The forging ratio of special steel is one of the key parameters in the forging process, which directly affects the material’s density, grain refinement, mechanical properties and defect elimination effect. Its specific value varies depending on the material type, application and process requirements, and usually needs to be determined by combining theoretical calculations and practical experience. The following is a detailed analysis:
1. Definition & Calculation Method of Forging Ratio
Forging ratio is an indicator to measure the degree of plastic deformation of forgings, which is usually calculated in the following two ways:
- Cross-sectional area ratio: forging ratio = original cross-sectional area/cross-sectional area after forging
- Length ratio: forging ratio = length after forging/original length
For example, if a cylindrical billet is forged from a diameter of 200mm to 100mm, the forging ratio is ((200/100)^2 = 4). In the drawing process, if the cross-sectional area is reduced from 1000mm² to 250mm², the forging ratio is (1000/250 = 4).

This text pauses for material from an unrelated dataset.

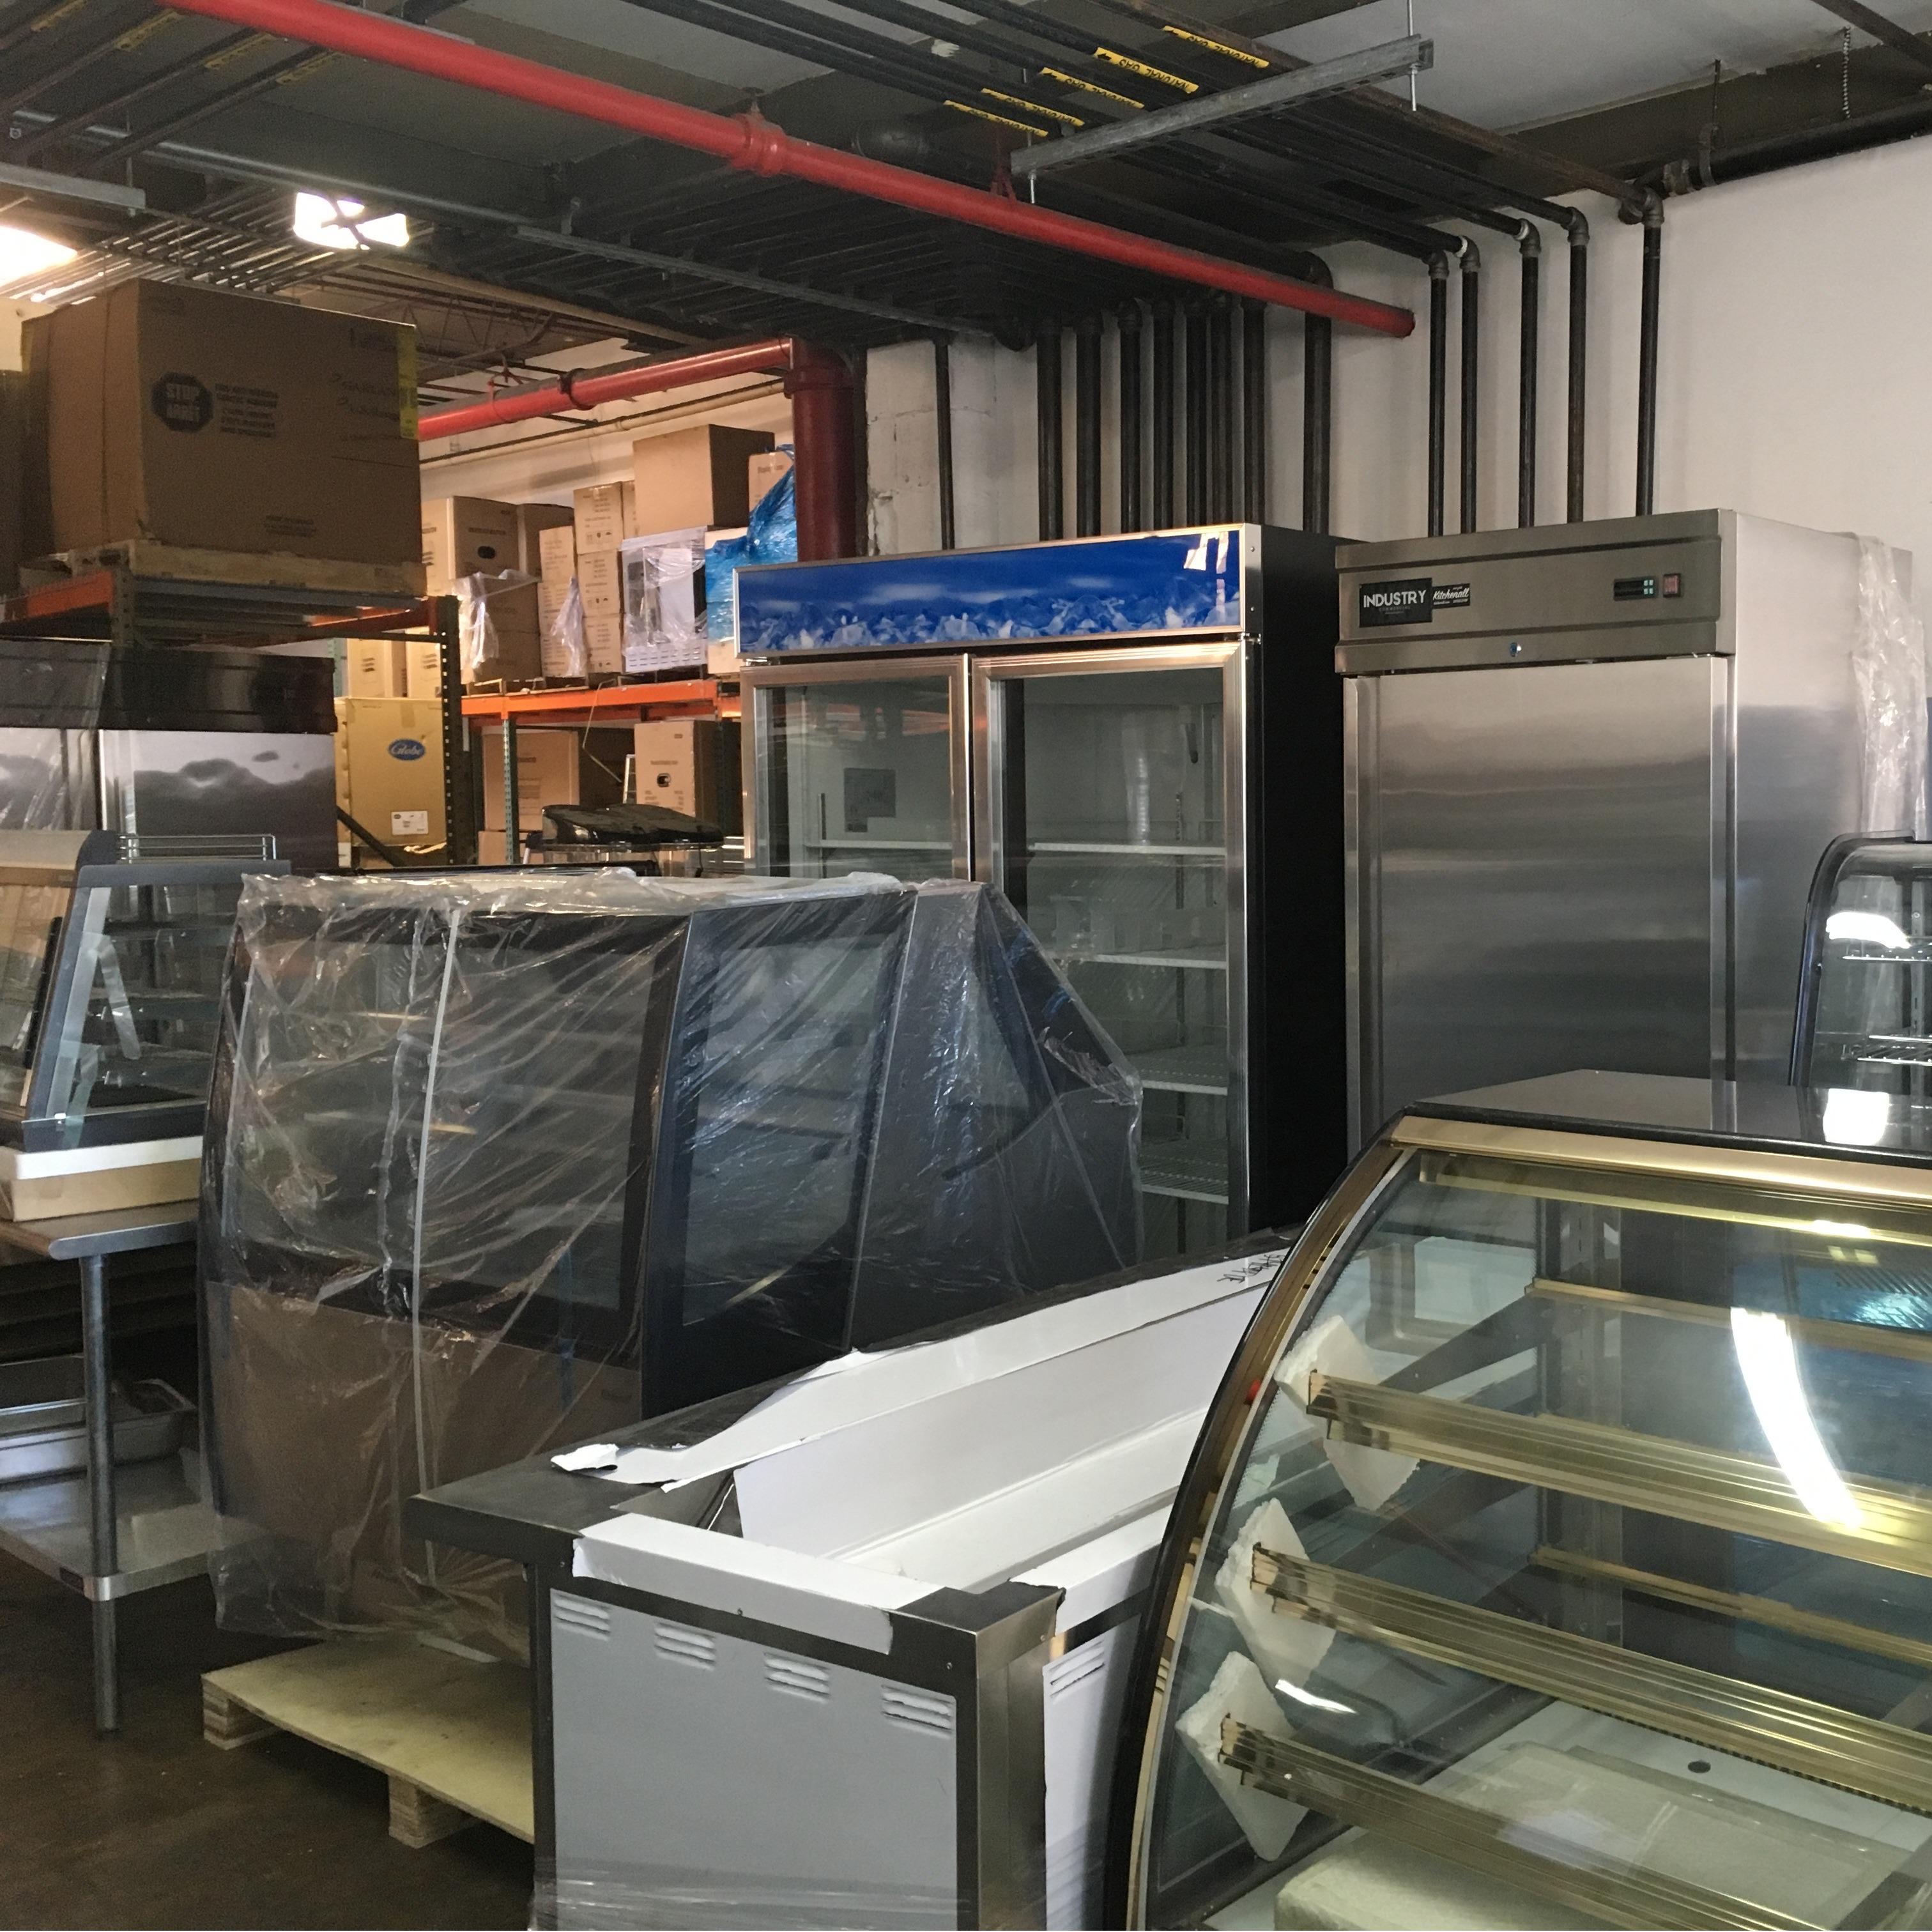 Kitchenall Restaurant Equipment & Supply image 1

Generally, a forging ratio > 2 is required to effectively improve the material structure, but the specific value needs to be adjusted according to the process.
2. Forging Ratio Range of Different Processes
| Process type | Typical forging ratio range | Description |
| Free forging-Drawing | 3~5 (common),Up to 10 | For shafts and rods; high alloy steel or difficult to deform materials may require a higher ratio. |
| Free forging-Upsetting | 2~3 | Avoid excessively high ratios that lead to instability or folding defects. |
| Die forging | 1.5~3 | Due to die limitations, the deformation is small and suitable for parts with complex shapes. |
| Multiple upsetting and drawing | Total ratio 6~10 | Accumulated through multiple upsetting and drawing, used for high-quality forgings (such as aviation turbine disks). |
3. Typical Range of Forging Ratio of Special Steels
The forging ratio of special steels (such as tool steel, stainless steel, high-temperature alloy, high-strength structural steel, etc.) is usually higher than that of ordinary steels to improve their microstructure and performance. The common range is as follows:
1. General special structural steel (such as 4340 Steel)
- Forging ratio: 3~6
- Goal: eliminate casting defects, refine grains, and improve strength and toughness.
2. Tool steel (such as H13 steel, D2 tool steel)
- Forging ratio: 5~8
- Reason: High-carbon high-alloy steel is prone to carbide segregation, and large deformation is required to homogenize the structure.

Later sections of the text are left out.